For more than 10 years, Hearst, Beltran and other archaeologists, including David Stewart, director of the Mesoamerican Center at the University of Texas at Austin, who was involved in the initial discovery, have attempted to solve this 7,000-piece puzzle. With the help of advanced imaging techniques and their accumulated knowledge of the Mayan civilization, they were able to reconstruct scenes showing the origin of the world according to the Mayan deities, such as their own, such as the corn or the sun god rising from the mountain … But they also found allegorical images that provide new clues about the main aspects of that civilization . One is the first written mention of a ruler paired with a figure on the throne in panels dating back 100 years before this era, and is the first evidence of a king centuries before the famous kings of Tikal, Sibal, or Palenque. There was already a complex social organization and hierarchy of power.
Among the thousands of pieces there are two that refer to Tzolk’in, the sacred calendar. Details of their findings have just been published in the scientific journal science progress. Rated as #4778, one of the pieces shows a point and a horizontal line. It’s missing a piece and there, the researchers assert, a second point should go. The Maya wrote the number 7 with a colon at the top of the line. Between the bottom of this first and second piece, the head of a gazelle or deer can be clearly seen. And the seven deer day of the Tsolkin. It consisted of 260 days, Hearst says, “reminiscent of the length of human pregnancy,” and the calendar had no months. Instead, it consists of 20 days represented by glyphs and numbered from 1 to 13 in a periodic fashion. Seven deer followed 8 stars, 9 jade/water, 10 dogs, 11 monkeys…
“The Mayans had a solar calendar, like us, but they also had a liturgical calendar,” Hearst says. “We also have Holy Week which is part of the ritual sequence throughout the year,” he adds. It was associated with the legend of the origin and also for the celebration of the festivities that accompanied the Haab, the 360-day calendar. The remaining five, although counted, were disastrous and people avoided leaving their homes. Around both was the calendar wheel, which completed its cycle every 52 years. The complex way in which the Maya had to organize time is complemented by long counting, a vital (base 20) system for linearly counting days. With the latter it was possible to find equations between the Mayan calendar and the Gregorian calendar.
“The Mayans have a solar calendar, like us, but they also have a ritual calendar. We also have Holy Week, which is part of the sequence of rituals throughout the year”
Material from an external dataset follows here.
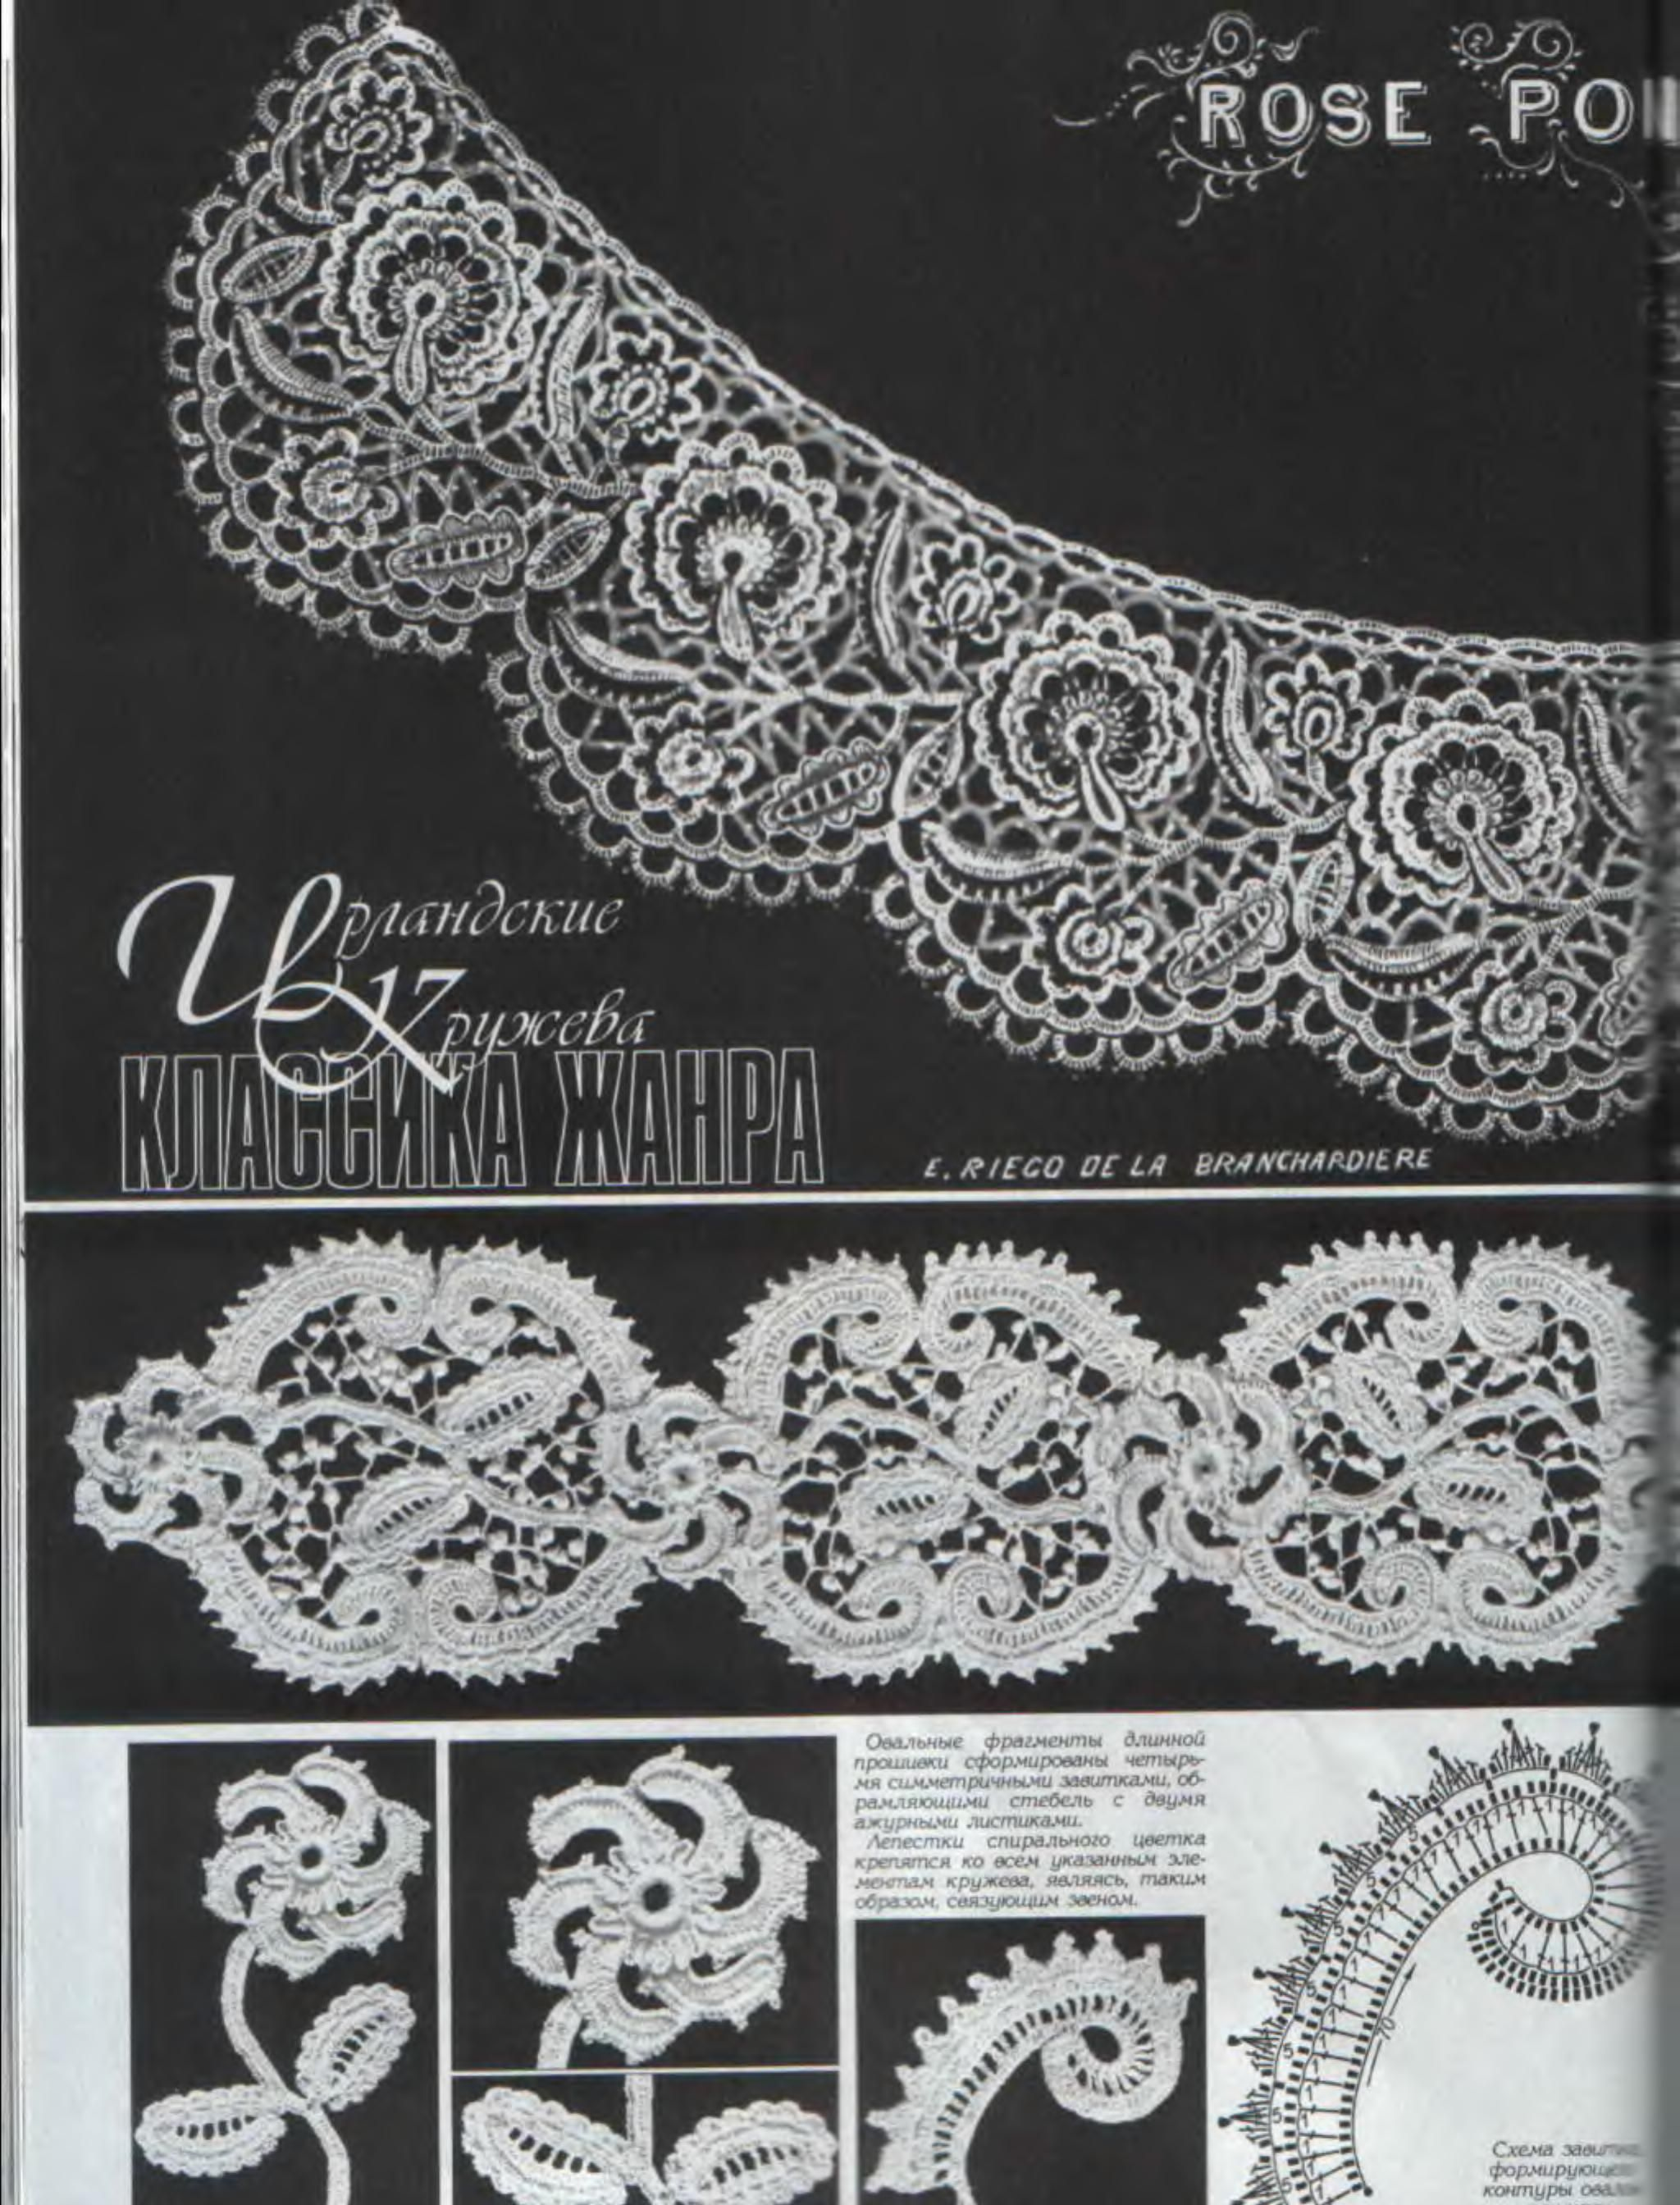 Imgbox fast simple image host duplet ayudet crochet galore crochet bankloansurffo Gallery

Heather Hurst, Co-Director of the San Bartolo-Xultun Regional Archaeological Project
The significance of the discovery of the seven deer lies in the fact that it would be “the oldest recorded date, in this case on a fresco,” according to Beltran. But they must have used it for a long time. San Bartolo actually existed for about 400 years from this era. The scribes’ very “highly polished” style, as Hirst points out, suggests a tradition that came from behind. In addition, although the Maya and other Mesoamerican peoples had different ways of organizing power and different societies, they used the same liturgical calendar seen in San Bartolo, a calendar still used by indigenous communities.
For the discoverers of the seven deer, San Bartolo still has many secrets to reveal. Some are still inside the pyramid. But others are out. Four roads lead into or out of the city. “San Bartolo is at the center of something, and now we have our eyes on where these roads end,” says archaeologist Heather Hurst.